August 18, 2018 § 7 Comments

Last Sunday we had the inaugural All Clubs BBQ sixth South Bay Cycling Awards at Eldorado Park in Long Beach. The two people who made this event happen, Ken Vinson and Kristie Fox, arrived before the sun rose to get things set up.

There was a guy sleeping on a park bench and Ken asked him if he would help out in exchange for a meal. The man’s name was Ben Millane, and not only did he help,  he took ownership of his tasks and being part of the event. He did the leaf blowing for the entire area and helped clean the venue. He was kind and talkative, and seemed as excited as anyone to be there, maybe more.

Without being asked, he stayed all the way through tear down. He talked numerous times throughout the day to all kinds of people. As the final things were loaded up, Ben thanked Ken and Kristie, said he loved the event, then asked if it was a one time only happening. Kristie said the event would definitely be back next year and that she would contact him. Ben has a FB page, and wondered where he could get one of the cycling t-shirts made by Origin. Kristie said she’d get him one.

This kind of interaction between strangers is what the day was about.

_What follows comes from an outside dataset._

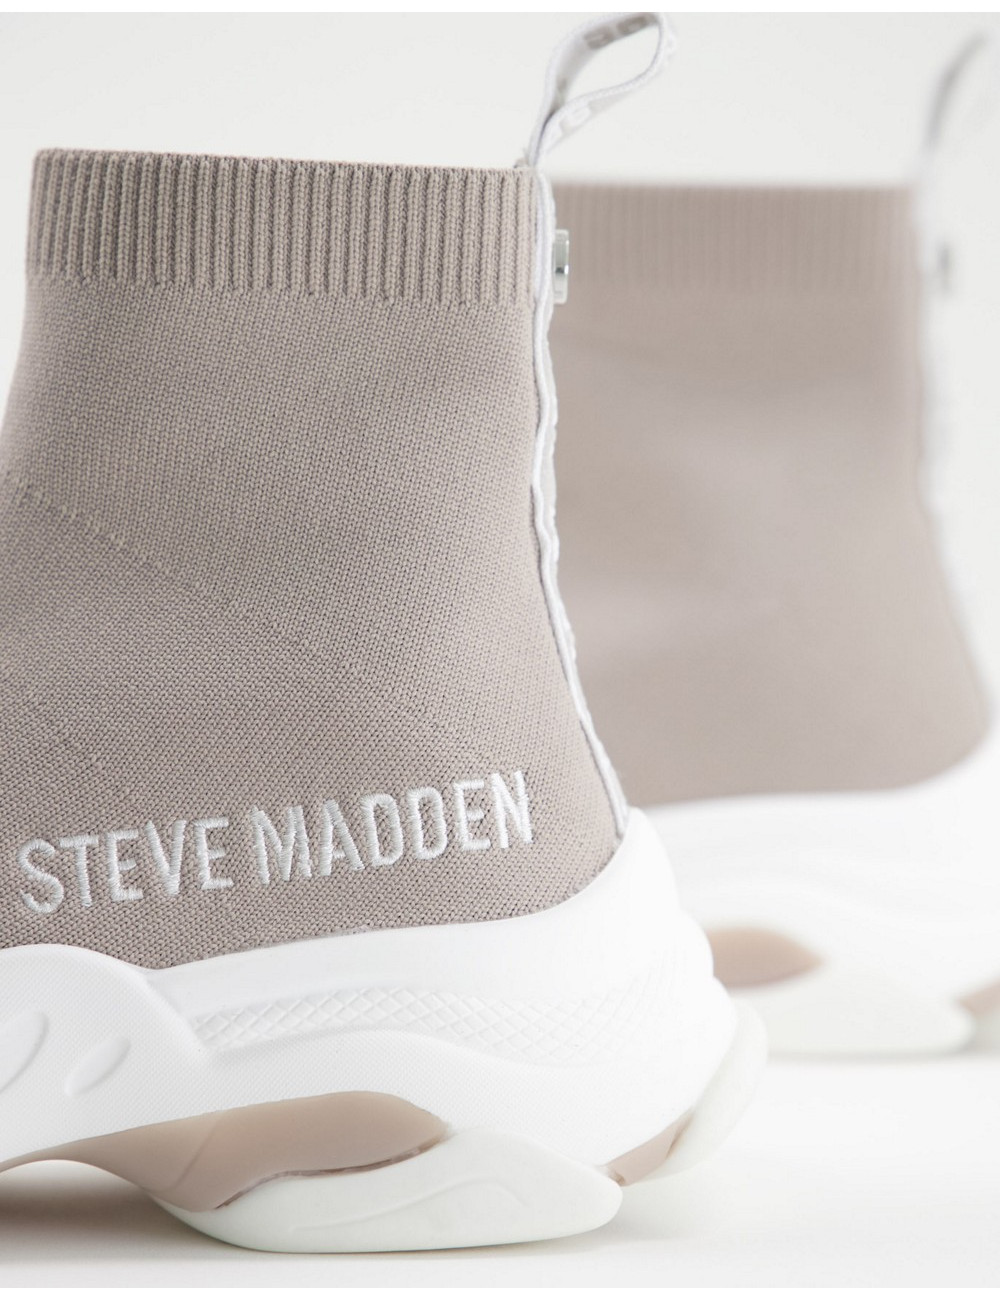 Steve Madden Master sock...
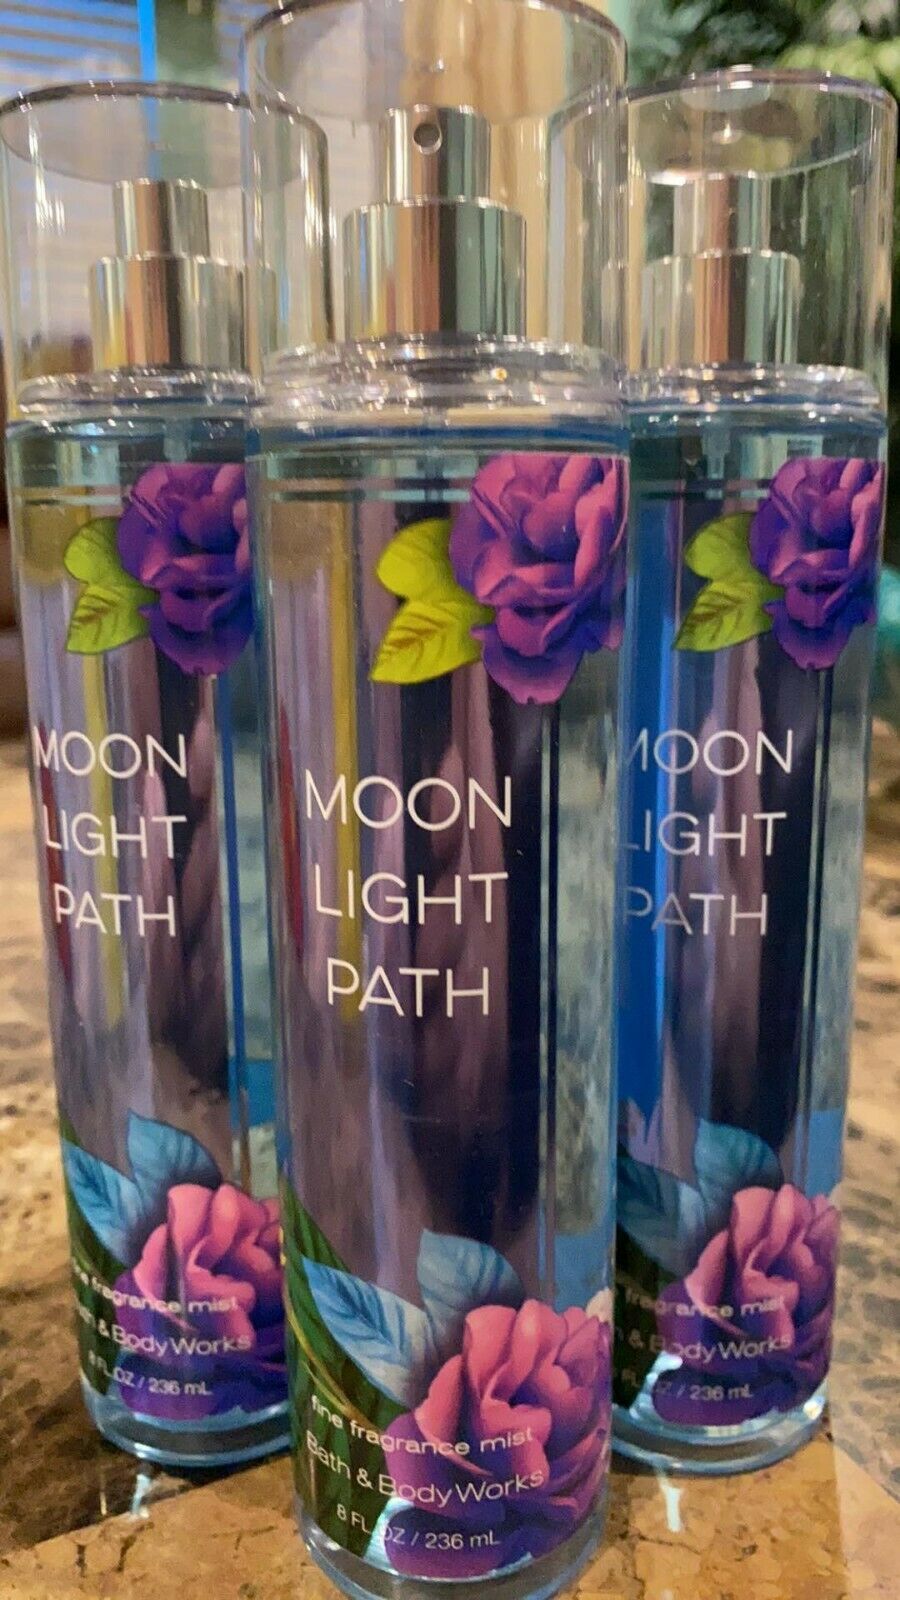 3 Bath & Body Works Moonlight Path Fine Fragrance Mist 8 Fl Oz

Six years is longer than you think

At the end of the South Bay Cycling Awards last year I was pretty wrung out. We had gone from humble origins at Naja’s dive bar in Redondo Beach to a huge event at Strand Brewing in Torrance, each year bigger than the last.

But after last year it felt like the event had run its course. There are only so many times you can give out twenty awards of distinction in a small community before you really are simply recycling names. Instead of an organic gathering of friends we had become a choreographed event with moving parts, all of which had to be timed and integrated.

It was a big old hassle.

As we were tussling with the idea of what to do in 2018, or whether to do anything at all, we were invited to join one of Ken Vinson’s Movement Rides. I’ve written about that experience, but it brought home the fact that if our event was going to represent the broader cycling community, it would need people from those communities who had skin in the game. Our decision to merge the two events was a quick one that left us with little time to pull it off.

“Don’t worry,” said Ken. “If give me the green light, we’ll make it happen.”

Let the people breathe

One thing I learned is that it’s hard to step aside. It’s kind of painful to see that when you’re not there, there are plenty of people who can do it better, more efficiently, and more effectively. And while it was great to see so many people come to the fore and do fantastic things, it also drove home that when an event is identified with one person it sort of sucks the oxygen out of the room for everyone else.

Apparently I was a pretty big oxygen suck, because when I turned the keys over to Ken and Kristie a whole host of new people stepped up to make the event better than it has ever been before. It’s hard to single out any one person, but some things really stood out.

One of them was Jeff Prinz of CBR, hopping around on a bandaged leg as he organized kids’ games and turned the first half of the event into a genuine icebreaker. It’s one thing to get black and white and brown people into a single venue, but a whole other thing to get them to talk. Racial barriers are real and they don’t come down easily. Although physical proximity is the key, it’s sometimes not enough.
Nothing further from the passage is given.